Chances are, you’ve been thinking about this all wrong. You may have first learned about lactate (or lactic acid) from a trusty high school coach, explaining why your legs burned at the end of a really hard sprint. Or, perhaps you read about it in a popular book or magazine. But no matter how, by whom, or when it was added to your knowledge base, you now need to unlearn what you think you know about it and re-learn the correct concept. Is that bold of us to say? Yes, its quite courageous! But most change takes confidence.
The concept that lactic acid can build-up or cause a notable burning during or after intense exercise has been debunked for nearly 40 years, however, the notion refuses to extinguish itself from common fitness ideology. The belief still blazes hot, but thankfully many keen folks are catching on and trying to correct the misunderstanding.
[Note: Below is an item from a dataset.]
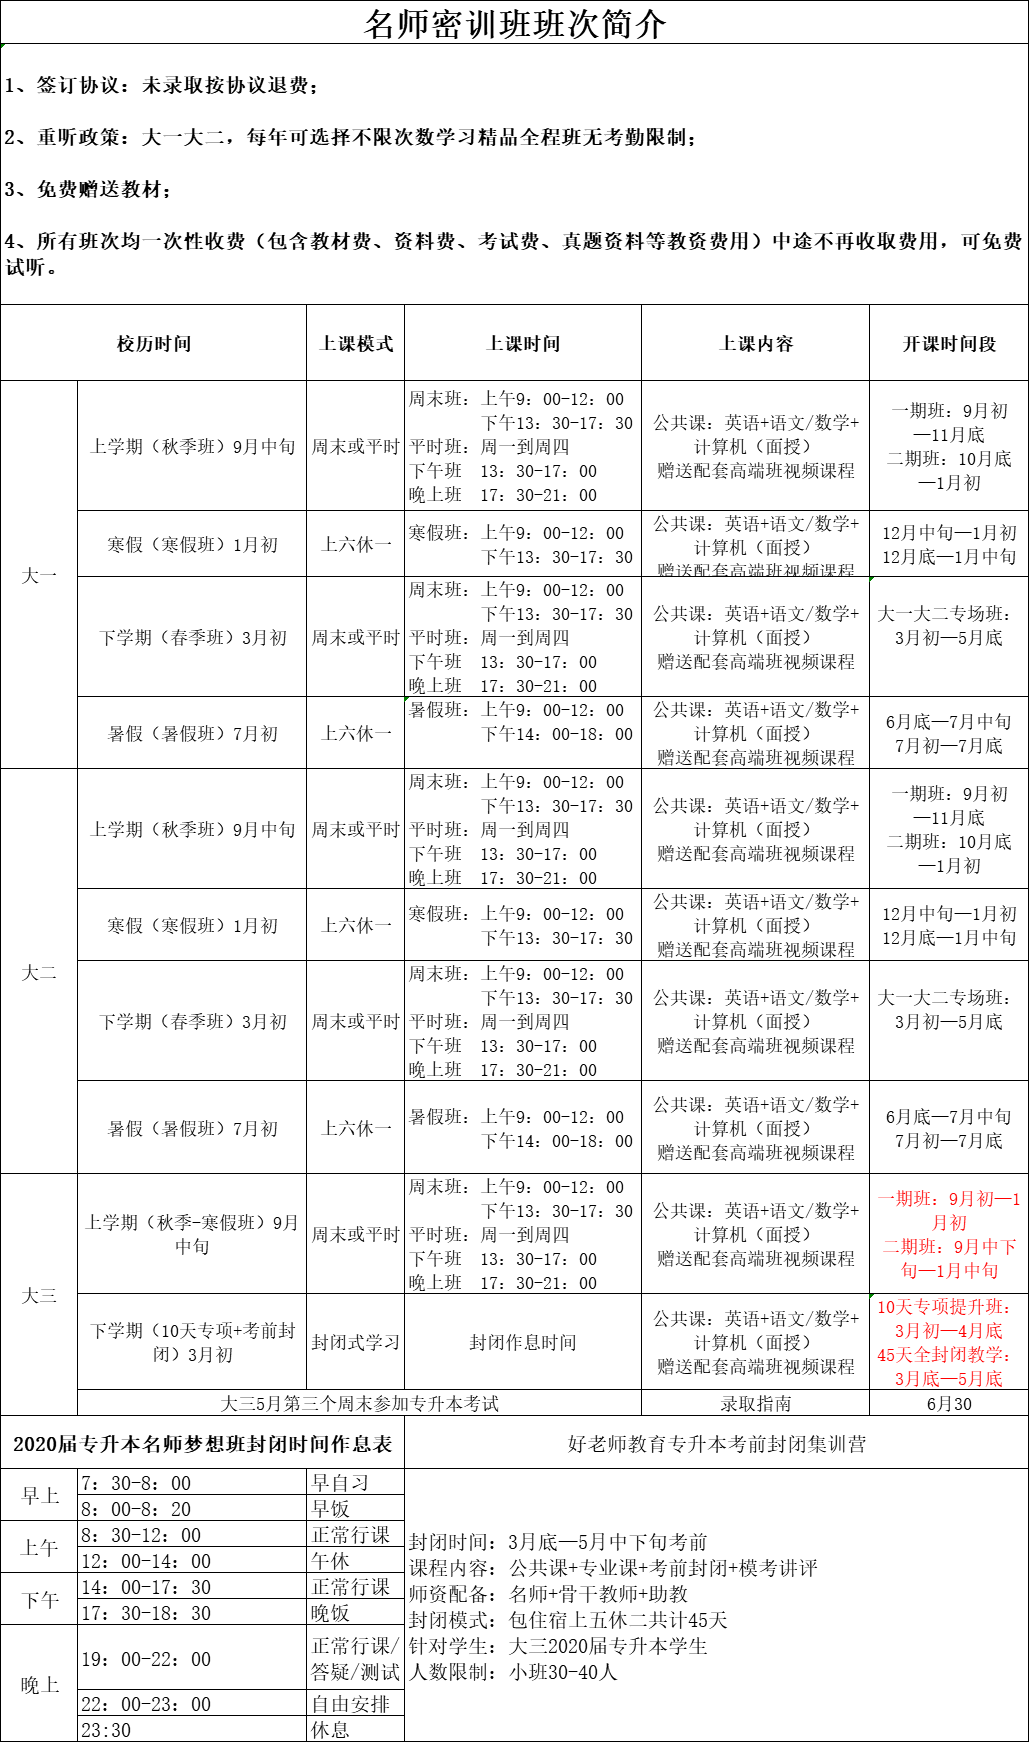 ueditor/20190907/1567860986_名师密训班.png

In May of 2006, the New York Times published an article on the use of lactate as a fuel (even though they still mistakenly called it “lactic acid”… at least they were moving in the right direction). Even VeloNews has caught up with the correct science, publishing an article in 2014 on the original nature of the bad idea, admitting to how we have been speaking about it in error for too long of a time.
With the proper scientific know-how bequeathed to me by an excellent graduate mentor (who wrote his doctoral dissertation on lactate metabolism), I was able to convince Gu Energy Labs to remove it from their product marketing after consulting their R&D department. Ironically, their researchers studied under the man himself who figured it all out in the 1980’s, Dr. George Brooks at the University of California, Berkeley (here is a link to his 1985 article on the topic).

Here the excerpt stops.